Сказав это, Юдым закрыл тетрадь и сел. Это не был конец доклада. Была еще третья часть, содержащая всевозможные лирические проекты. Но огласить эту часть, отделенную в рукописи тремя звездочками, доктор Томаш был не в силах, ему просто не хватало на это духу. Выраженье лиц собравшихся, смущение хозяина, наконец сама атмосфера собрания – решительно все отчетливо знаменовало полный провал лектора. Лекция не была ни достаточно красноречива, чтобы потрясти и раззадорить, ни достаточно нова, чтобы чем-нибудь ослепить. На Юдыма смотрели спокойно и без гнева, но эти взгляды говорили: думали мы, что ты свирепый лев, а ты просто чья-то дудка, и кто знает, не ослиная ли… Когда все, наконец, утихли, поднялся старичок с бакенбардами, доктор Калецкий, и принялся излагать свои точно сформулированные и чрезвычайно яркие возражения.

– Коллега Юдым, – говорил он, – представил нам превосходную вещь, красноречиво и лестно свидетельствующую о его альтруистических чувствах, о живости воображения и о том усердии, с каким он отдавался своим исследованиям в Париже. Приятно в наше время, увы, весьма проникнутое утилитаризмом, встретить врача, обладающего такой восприимчивостью, таким горячим и полным жалости сердцем. Поэтому я решаюсь от имени собравшихся принести коллеге Юдыму выражение нашей искренней признательности за его работу…

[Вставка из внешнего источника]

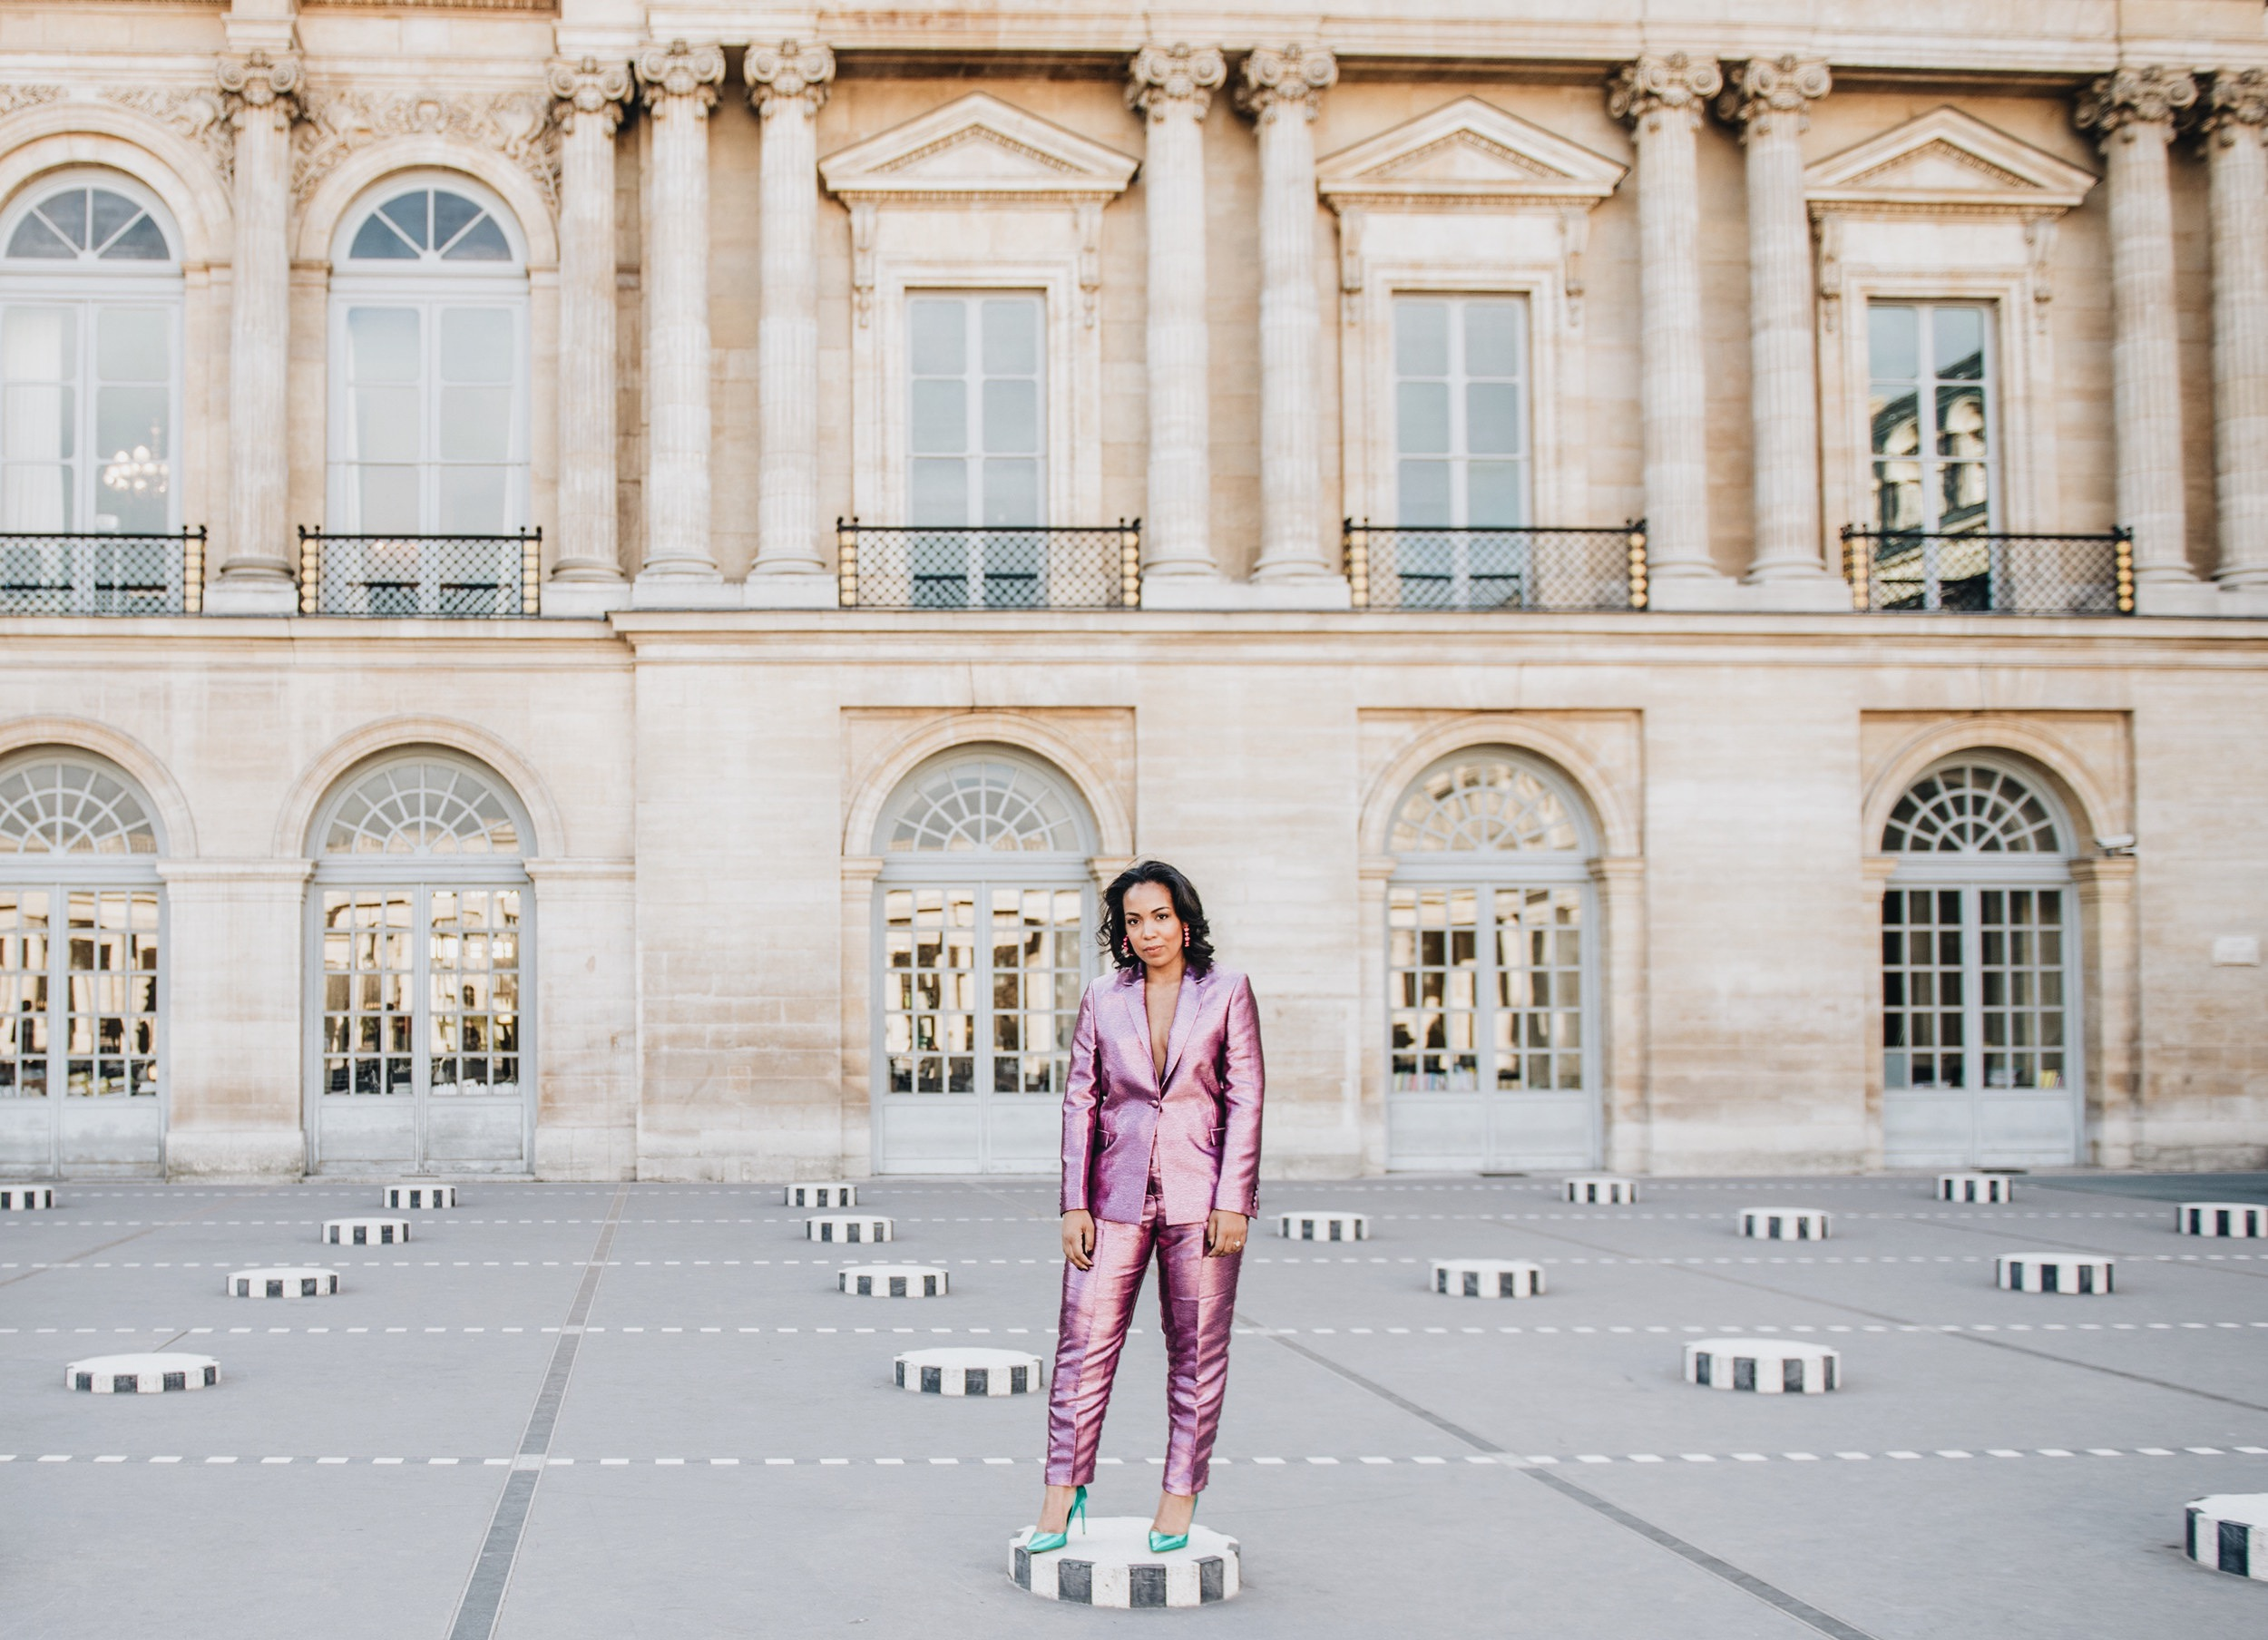 ASOS-Metallic-pink-suit-asos-court-shoe-jcrew-embellished-resin-hoops-mens-wearhouse-navy-suit-9.JPG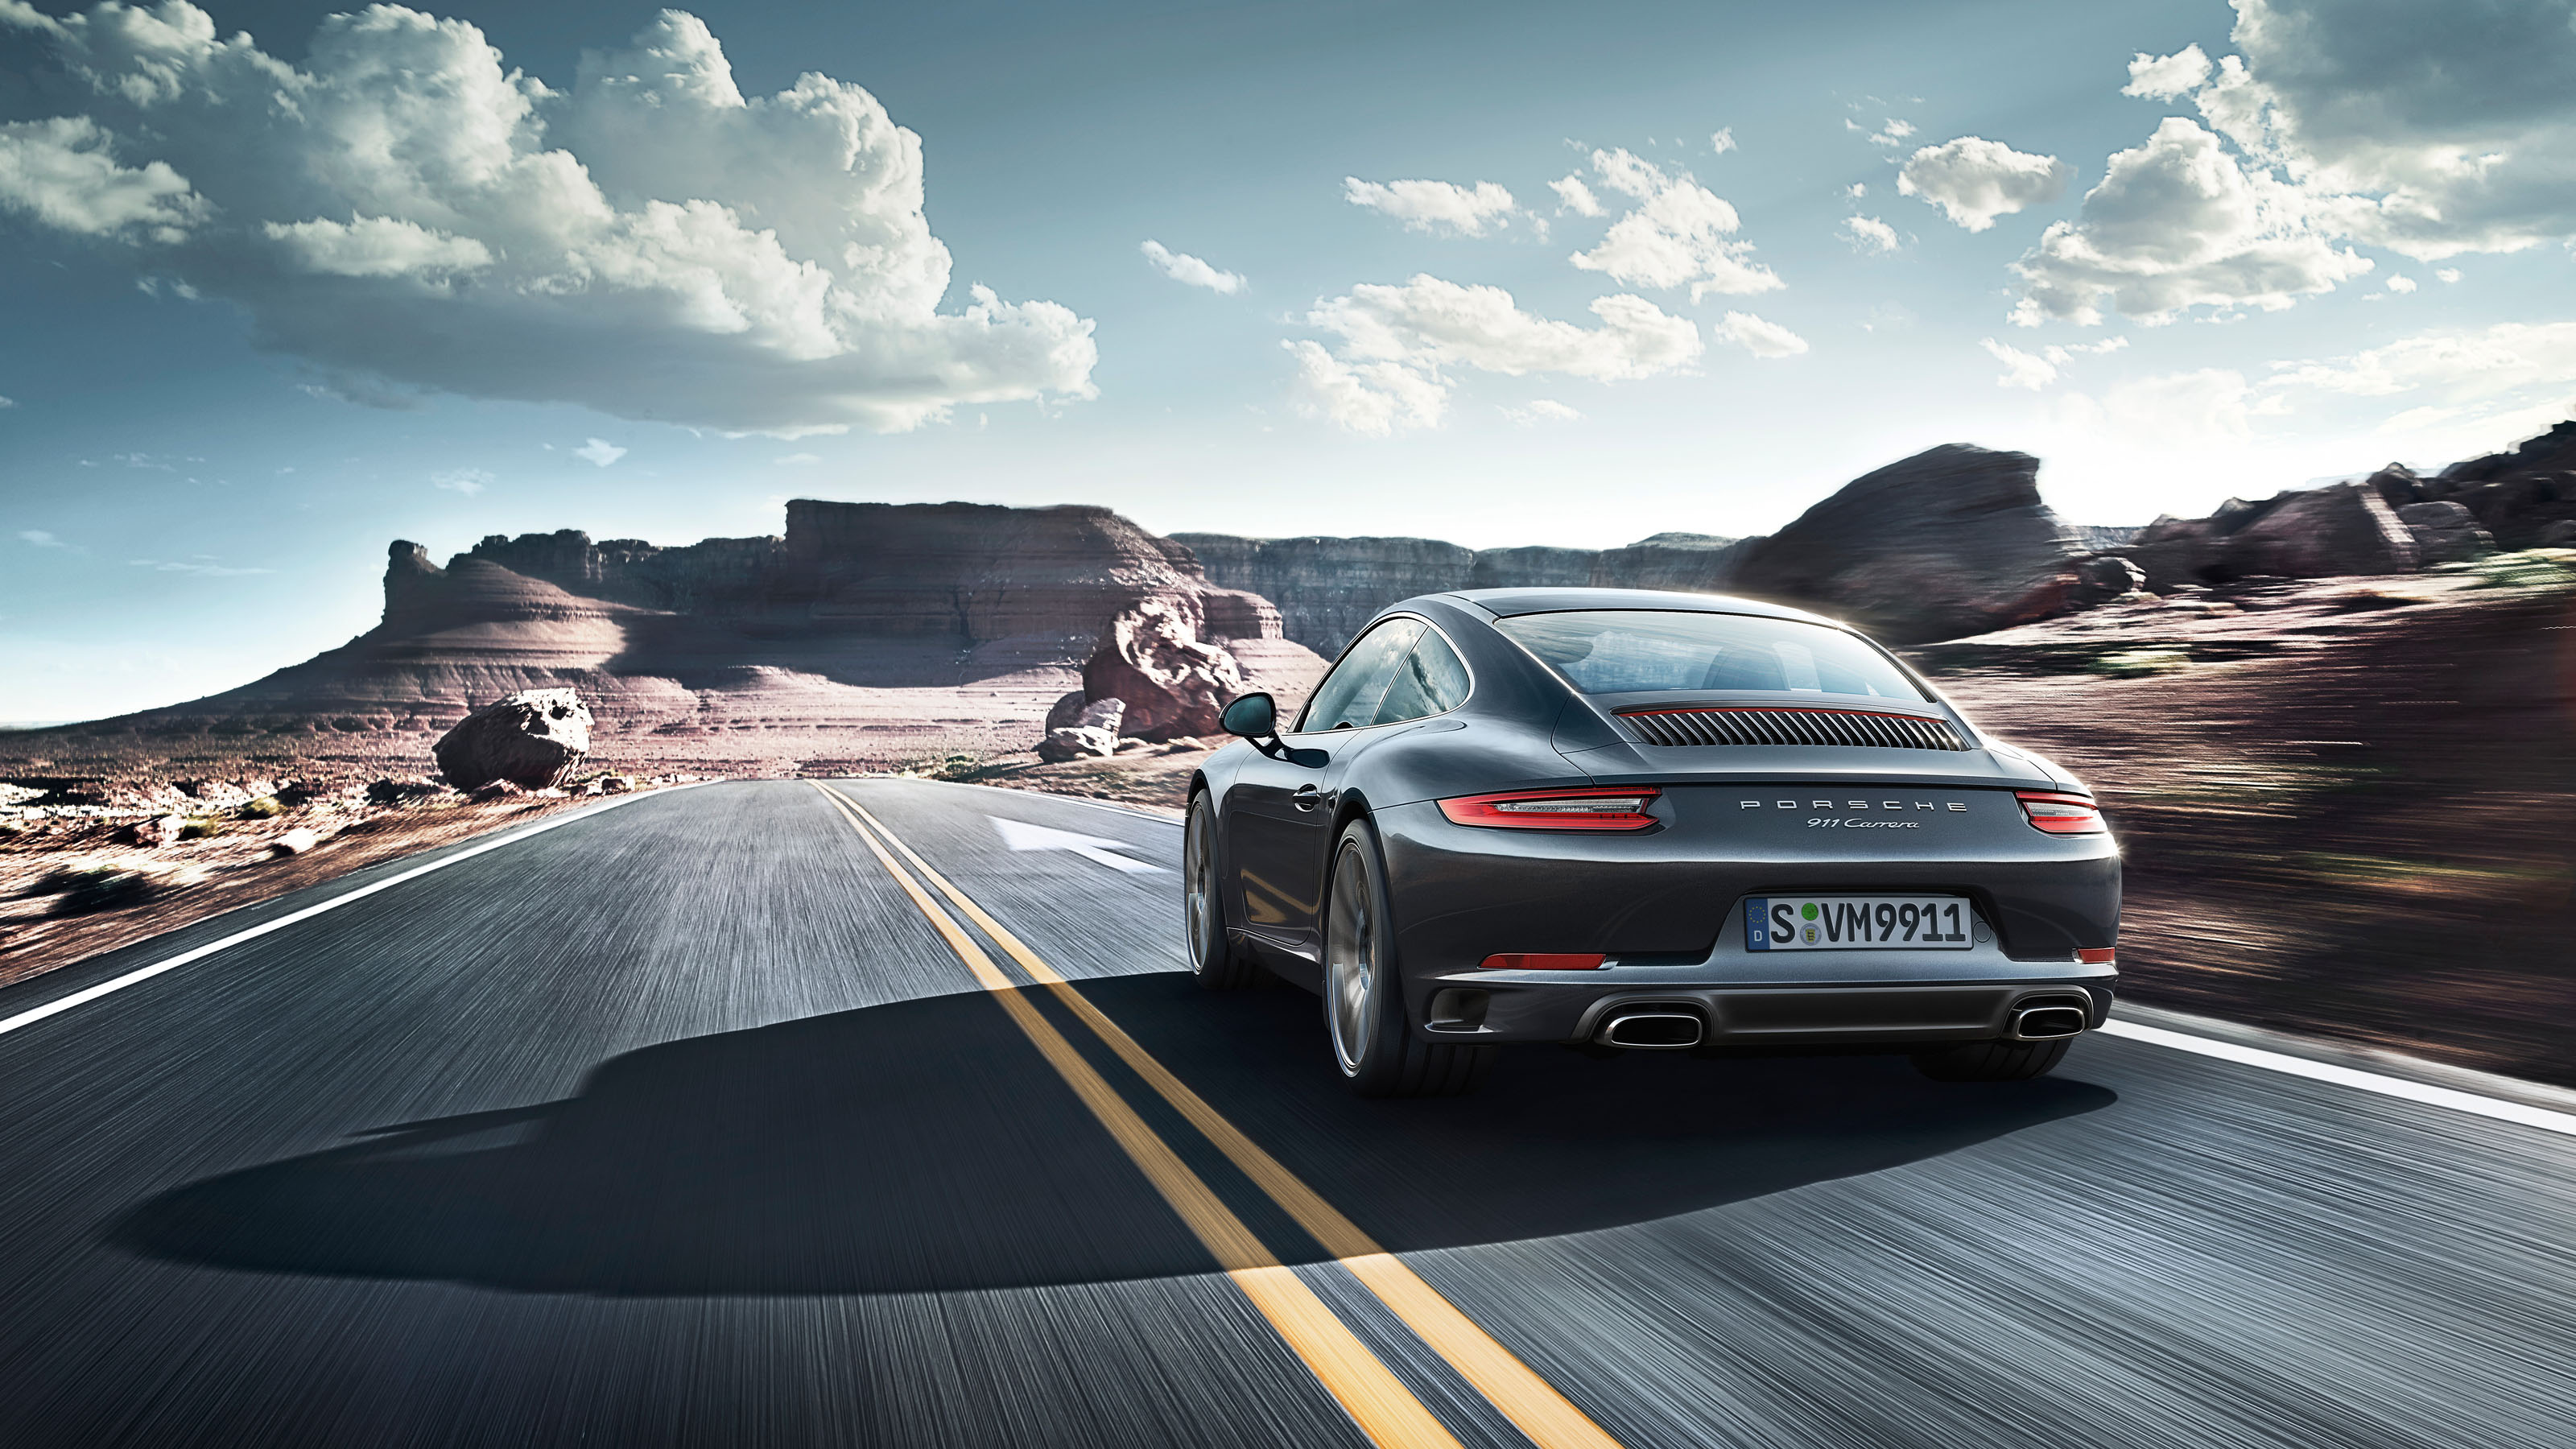 Porsche 911 Carrera 4k - HD Wallpaper

После этого вступления, которое показалось Юдыму издевкой над его постыдным поражением, доктор Калецкий подошел к лекции как критик и сказал:

– Предмет, затронутый коллегой Юдымом, собственно говоря, состоит из нескольких вопросов и затрагивает все на свете – и ад и рай… Однако из того, что мы здесь услышали, я полагаю, можно выделить три главных вопроса: primo, проблему чисто научную: вопрос о гигиене быта неимущих классов; secundo, вопрос социальный; tertio,[18] вопрос о профилактике. Каждый из этих пунктов – это гора, поросшая диким лесом, заваленная обломками скал, перерезанная оврагами, где еще ведьмы ночуют. Итак, о первом пункте. Не стану повторять того, что изобразил нам коллега лектор. Все это факты, добросовестно собранные и красочно рассказанные. Факты, добавлю от себя, весьма печальные. Что касается условий, существующих во Франции, то их я, разумеется, принужден оставить в стороне, так как специально этого вопроса не изучал. Однако знаю наверное, что благотворительные дела поглощают во Франции десять миллионов – подчеркиваю: десять миллионов франков в год. Сумма немалая. Известно также, что там существуют целые сообщества нищенствующих бездельников, целые синдикаты, которые содержат баб, симулирующих роды на улицах, рассылают по городу мнимых эпилептиков, помешанных, всякого рода калек и т. д. Вообще, обсуждая эти вопросы, не следует забывать о мудром изречении Герберта Спенсера: «Произнося слова – бедный человек, мы отнюдь не думаем – дурной человек». Я не хочу этим сказать, что пренебрегаю таким явлением, как квартал «фам ан кюлот»…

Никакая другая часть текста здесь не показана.